Watch the live demo of these capabilities here.
Petabytes of satellite imagery are generated each day all over the world in a dizzying number of sensor types and image resolutions. The applications for satellite imagery and other remote sensing data sources are broad and diverse. For example, satellites with consistent, continuous orbits are ideal for monitoring forest carbon stocks to validate carbon credits or estimating agricultural yields.
However, this data has been inaccessible for most analysts and even seasoned ML practitioners because insight extraction required specialized skills. We’ve done the work to make insight extraction simple and accessible to more people. Raster Inference abstracts the complexity and scales to support planetary-scale imagery datasets, so you don’t need ML expertise to derive insights. In this blog, we explore the key features that make Raster Inference effective for land cover classification, solar farm mapping, and marine infrastructure detection. And, in the near future, you will be able to use Raster Inference with your own models!
Raster Inference supports the three most common kinds of computer vision models that are applied to imagery: classification, object detection, and semantic segmentation. Instance segmentation (combines object localization and semantic segmentation) is another common type of model which is not currently supported, but let us know if you need by contacting us and we can add it to the roadmap.
The figure above illustrates these tasks. Image classification is when an image is assigned one or more text labels. In image (a), the scene is assigned the labels “person”, “sheep”, and “dog”. Image (b) is an example of object localization (or object detection). Object localization creates bounding boxes around objects of interest and assigns labels. In this image, five sheep are localized separately along with one human and one dog. Finally, semantic segmentation is when each pixel is given a category label, as shown in image (c). Here we can see all the pixels belonging to sheep are labeled blue, the dog is labeled red, and the person is labeled teal.
While these examples highlight detection tasks on regular imagery, these computer vision models can be applied to raster formatted imagery. Raster data formats are the most common data formats for satellite and aerial imagery. When objects of interest in raster imagery are localized, their bounding boxes can be georeferenced, which means that each pixel is localized to spatial coordinates, such as latitude and longitude. Therefore, georeferencing is object localization suited for spatial analytics.

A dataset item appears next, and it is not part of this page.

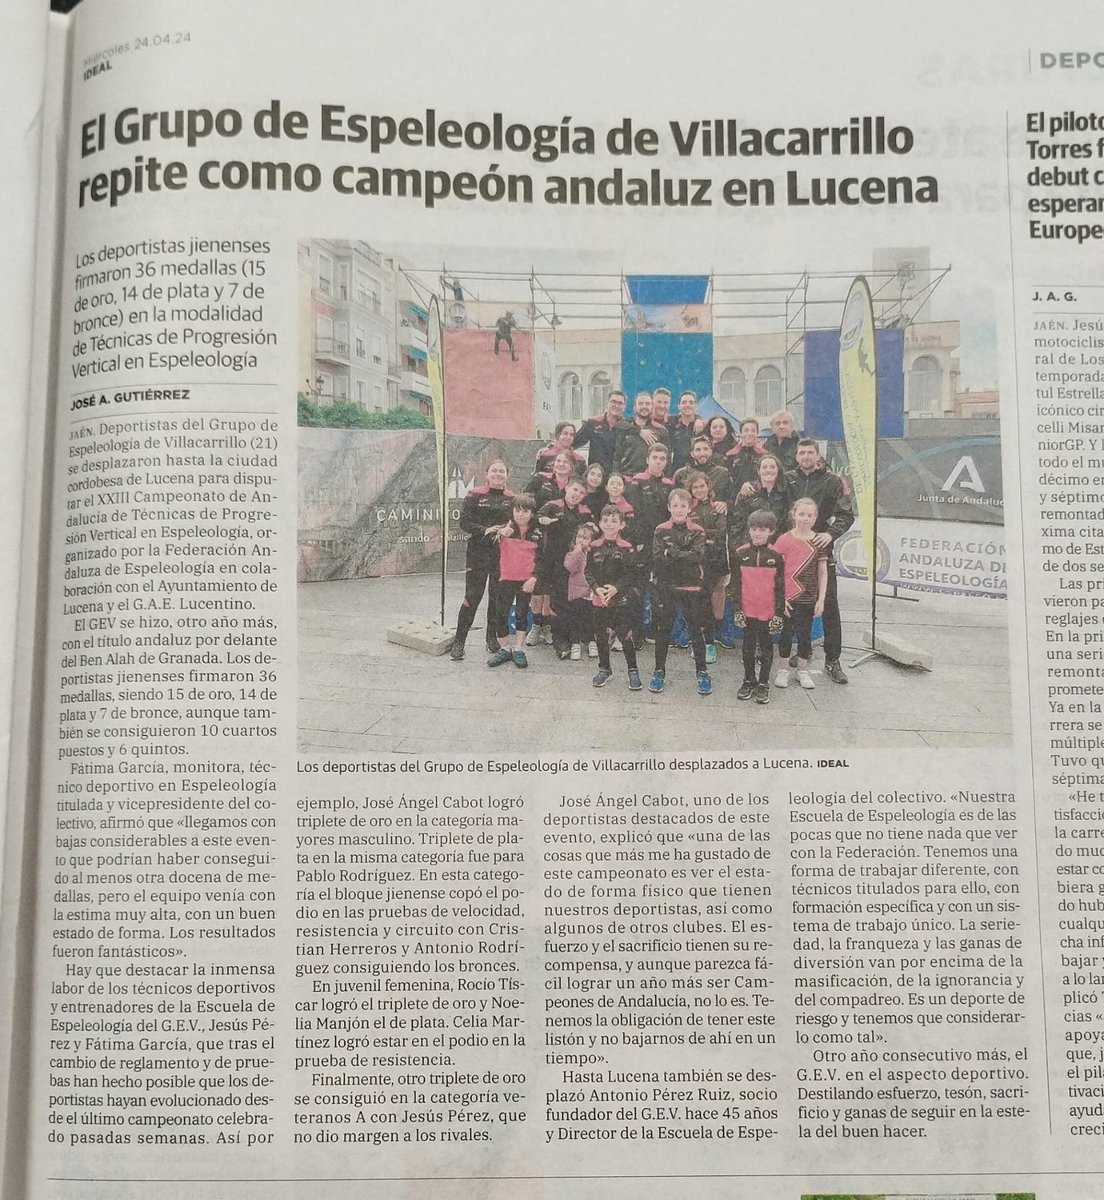 Noticia aparecida en el @ideal_jaen Fe la mano de nuestro amigo @joseantguti. Muchas gracias. #Espeleologia #Villacarrillo #Jaén #campeones #Andalucia

The example above shows various applications of object detection for localizing and classifying features in high resolution satellite and aerial imagery. This example comes from DOTA, a 15-class dataset of different objects in RGB and grayscale satellite imagery. Public datasets like DOTA are used to develop and benchmark machine learning models.
Not only are there many publicly available object detection models, but also there are many semantic segmentation models.
Not every machine learning model should be treated equally, and each will have their own tradeoffs. You can see the difference between the ground truth image (human annotated buildings representing the real world) and segmentation results across two models (Scale-MAE and Vanilla MAE). These results are derived from the same image at two different resolutions (referred to as GSD, or Ground Sampling Distance).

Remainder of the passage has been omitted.